WHAT THE EXERCISE ASKS
Leave out every picture and set down, exactly, the lines below from the one holding "Sr. Diputado Eustaquio" up to and including the one holding "Matthew McConaughey b.".

PROVIDED ENTRIES
········

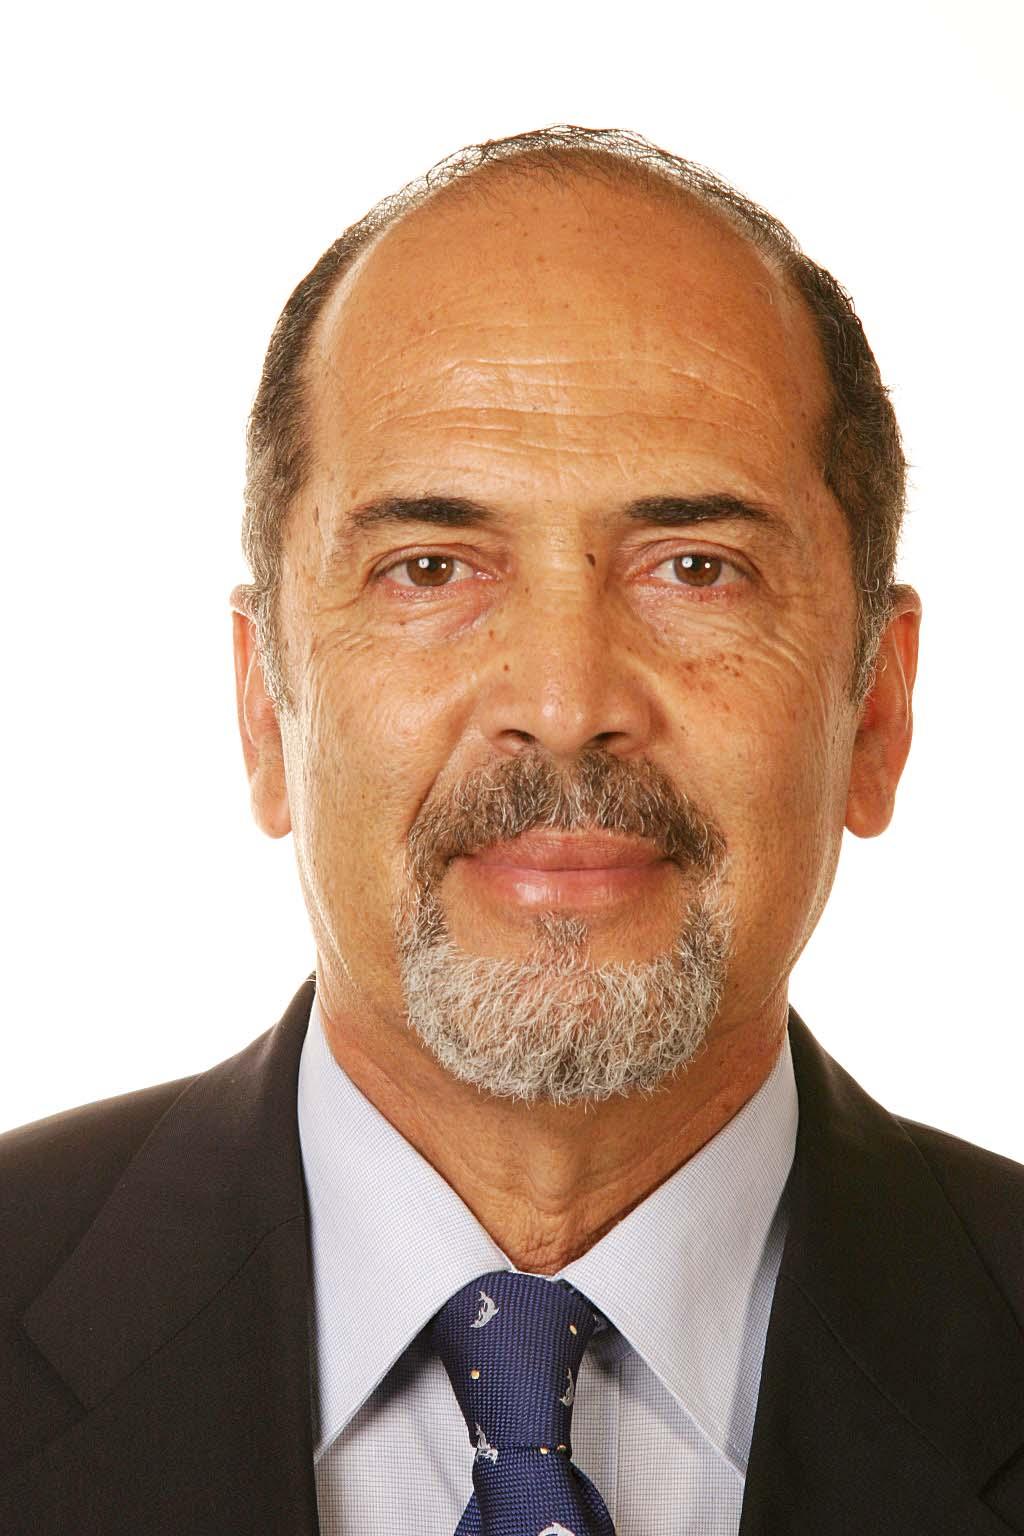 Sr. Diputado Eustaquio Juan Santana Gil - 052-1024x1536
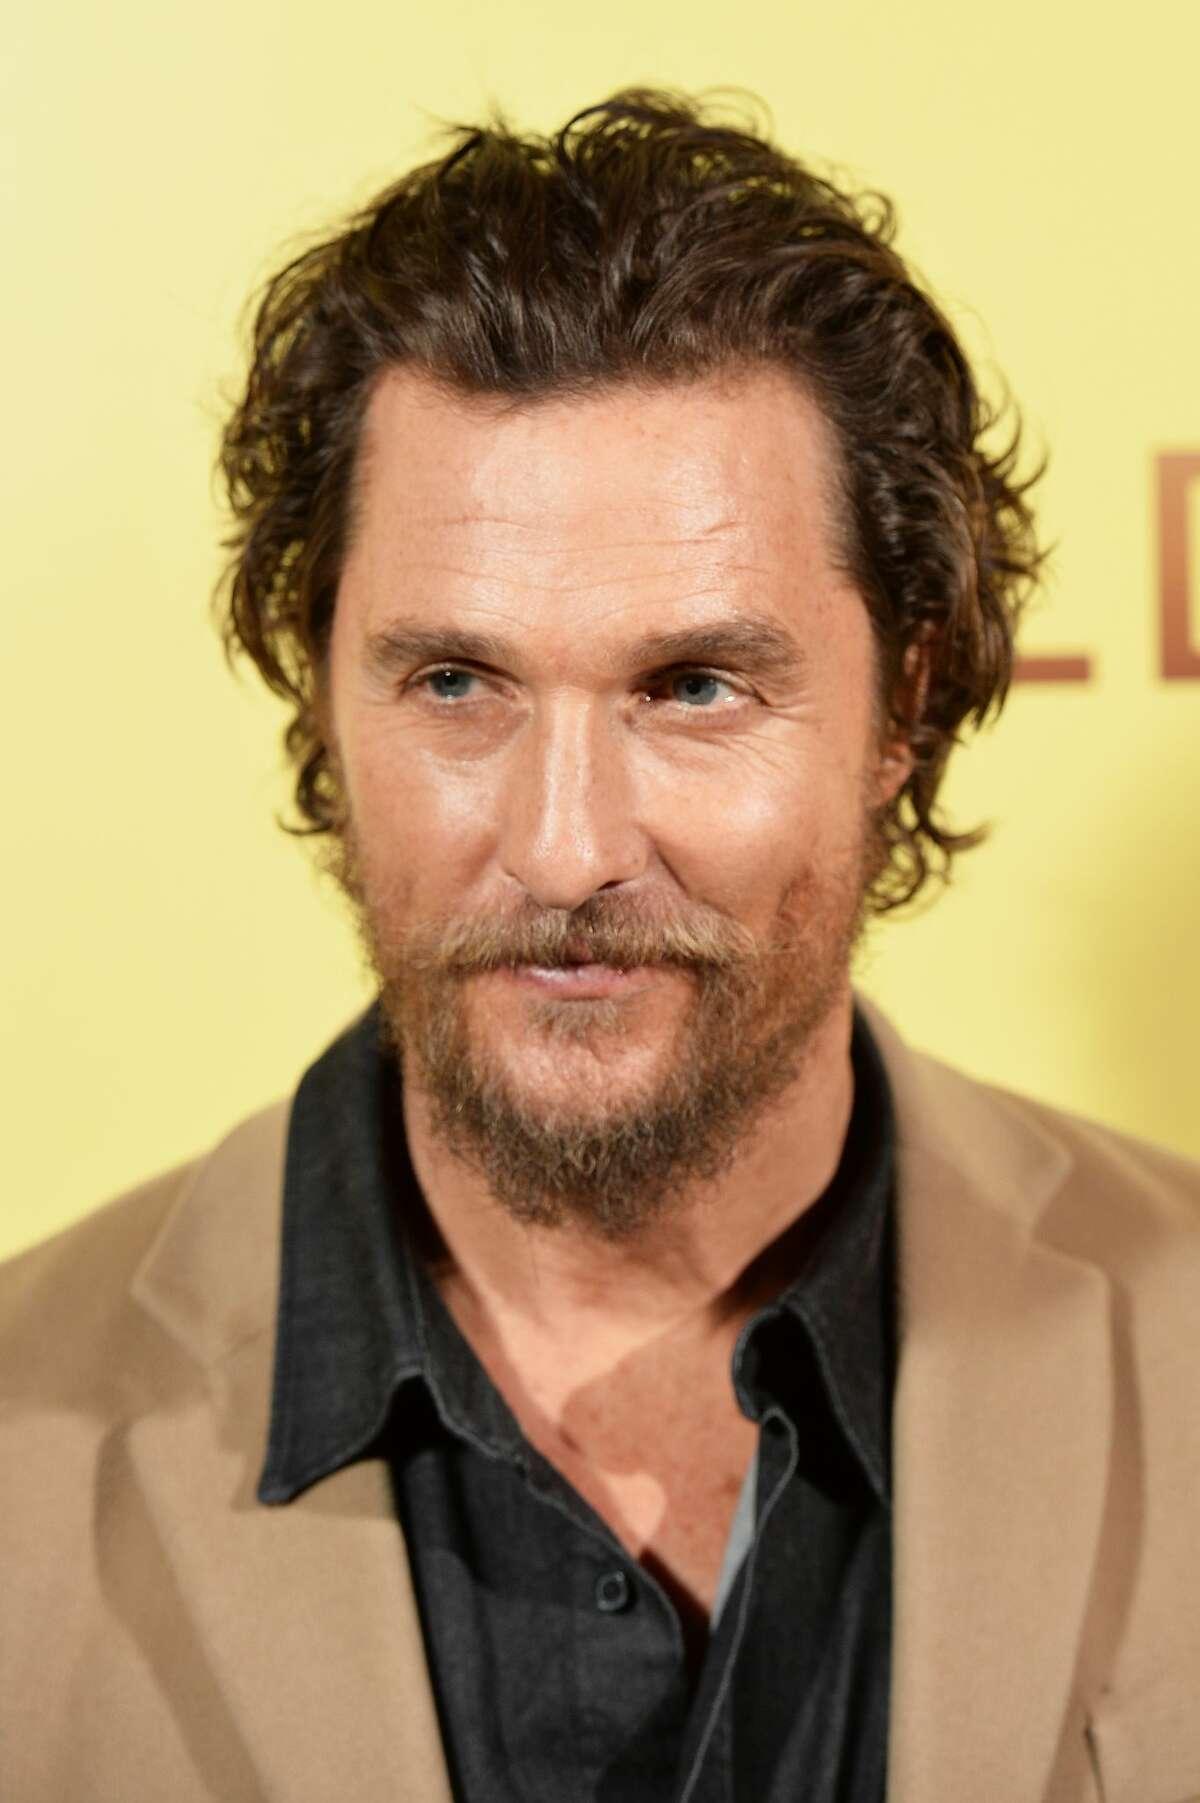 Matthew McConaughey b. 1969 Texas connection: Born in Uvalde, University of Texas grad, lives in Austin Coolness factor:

········

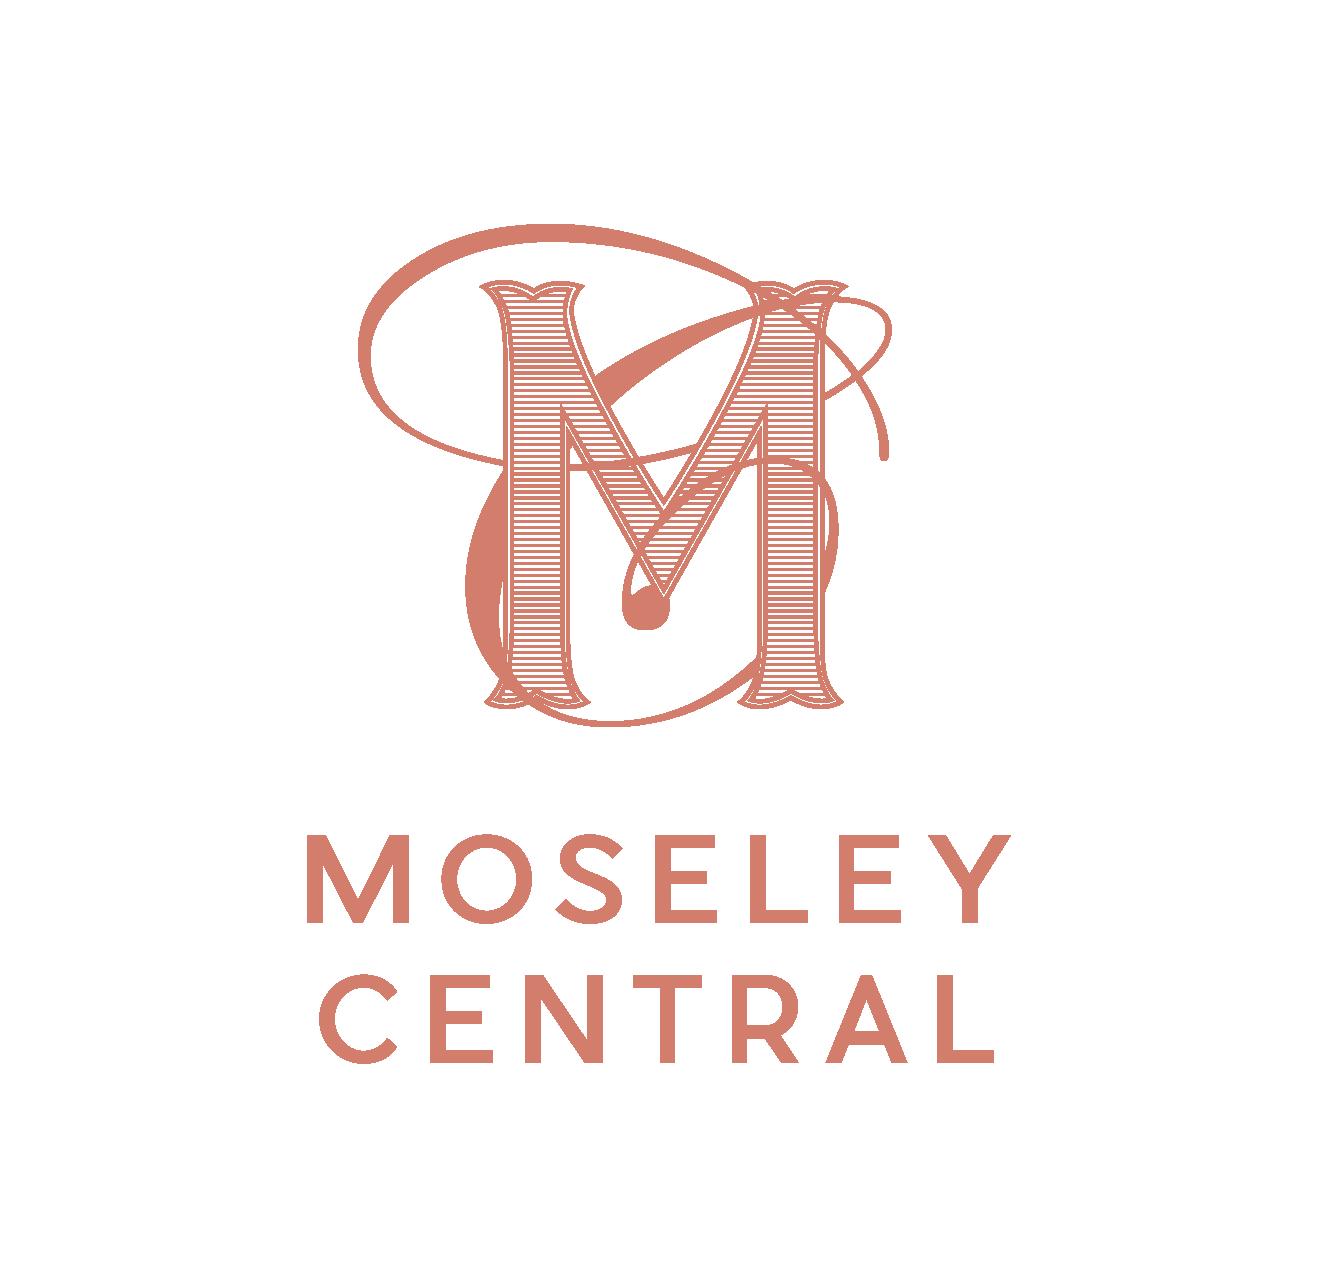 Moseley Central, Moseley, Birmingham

········

ANSWER FOR THIS EXERCISE
 Sr. Diputado Eustaquio Juan Santana Gil - 052-1024x1536
 Matthew McConaughey b. 1969 Texas connection: Born in Uvalde, University of Texas grad, lives in Austin Coolness factor:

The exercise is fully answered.